**Ryanair a officiellement demandé à la France de suspendre les nouveaux contrôles biométriques imposés aux passagers non européens à leur arrivée, au moins jusqu'en septembre.** La compagnie low cost craint que le système d'entrée-sortie européen (EES), pleinement opérationnel depuis mi-avril 2026, encore en phase de rodage, ne crée un « chaos estival » dans les grands hubs. Dans une lettre adressée au ministre de l'Intérieur Laurent Nuñez, Ryanair propose un retour temporaire au tampon manuel des passeports, estimant que les services de police aux frontières maîtrisent mieux cette méthode traditionnelle en période de pointe.
**La compagnie irlandaise rapporte que des files d'attente d'une à deux heures ont déjà été observées dans plusieurs aéroports français, avec des pics de trois à quatre heures à Paris-Beauvais, Marseille-Provence et Nantes-Atlantique.** Neal McMahon, directeur des opérations de Ryanair, déclare que « les gouvernements tentent de déployer un système informatique à moitié cuit au cœur de la période de voyages la plus chargée de l'année, et ce sont les passagers – dont de nombreuses familles avec de jeunes enfants – qui en paient le prix ». La compagnie a adressé des courriers similaires aux 29 pays participants à l'EES, citant l'exemple de la Grèce qui a déjà reporté le déploiement complet après l'été pour préserver son secteur touristique.
**L'EES exige des voyageurs hors UE qu'ils fournissent empreintes digitales, photo et autres données biométriques à l'entrée dans l'espace Schengen.** Conçu pour renforcer la sécurité et la traçabilité, le système suscite de vives critiques de la part de l'industrie aérienne. ACI Europe et Airlines for Europe confirment que les premiers jours de fonctionnement complet ont été marqués par des « perturbations, vols manqués et temps d'attente excessifs ». Les autorités françaises reconnaissent une période de grâce de 90 jours permettant des ajustements locaux, mais les compagnies aériennes insistent sur le sous-effectif chronique à la police aux frontières et la fiabilité limitée du système en pleine saison estivale.
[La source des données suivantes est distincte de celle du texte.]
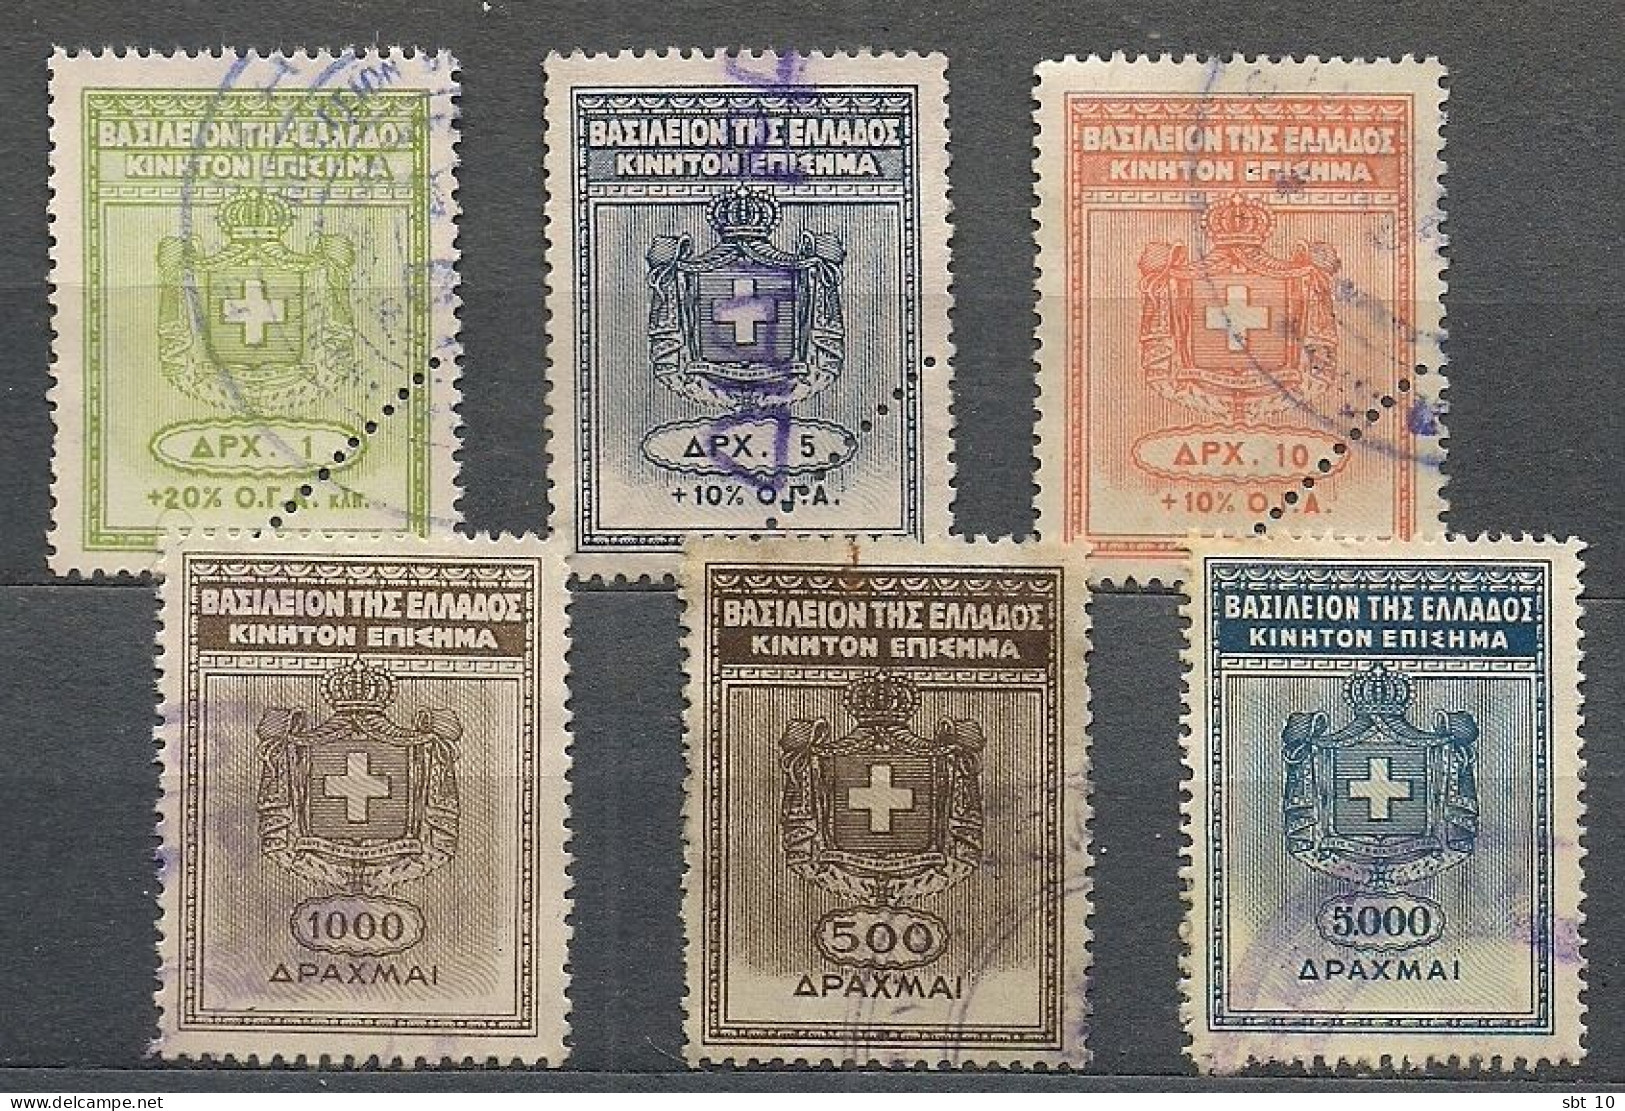 Greece - Kingdom Of Greece Revenue Stamp 6 Value - Used - Revenue Stamps

**Pour les élèves ATPL et les contrôleurs aériens, cette situation illustre la tension réelle entre les exigences réglementaires de sécurité et la fluidité opérationnelle.** Comprendre l'EES et son impact sur les temps de rotation, le flux de passagers et la coordination des créneaux horaires est essentiel. Les contrôleurs doivent anticiper les retards causés par les goulets d'étranglement aux frontières, tandis que les pilotes doivent gérer les temps de service des équipages et les correspondances des passagers. Ce débat montre comment les changements réglementaires peuvent se répercuter sur l'ensemble des opérations aéroportuaires, du handling au management des flux de trafic aérien. En tant que futurs professionnels de l'aviation, les étudiants doivent réfléchir à l'évolution possible de tels systèmes et aux mesures d'urgence qui pourraient être mises en place pour concilier efficacité et sécurité.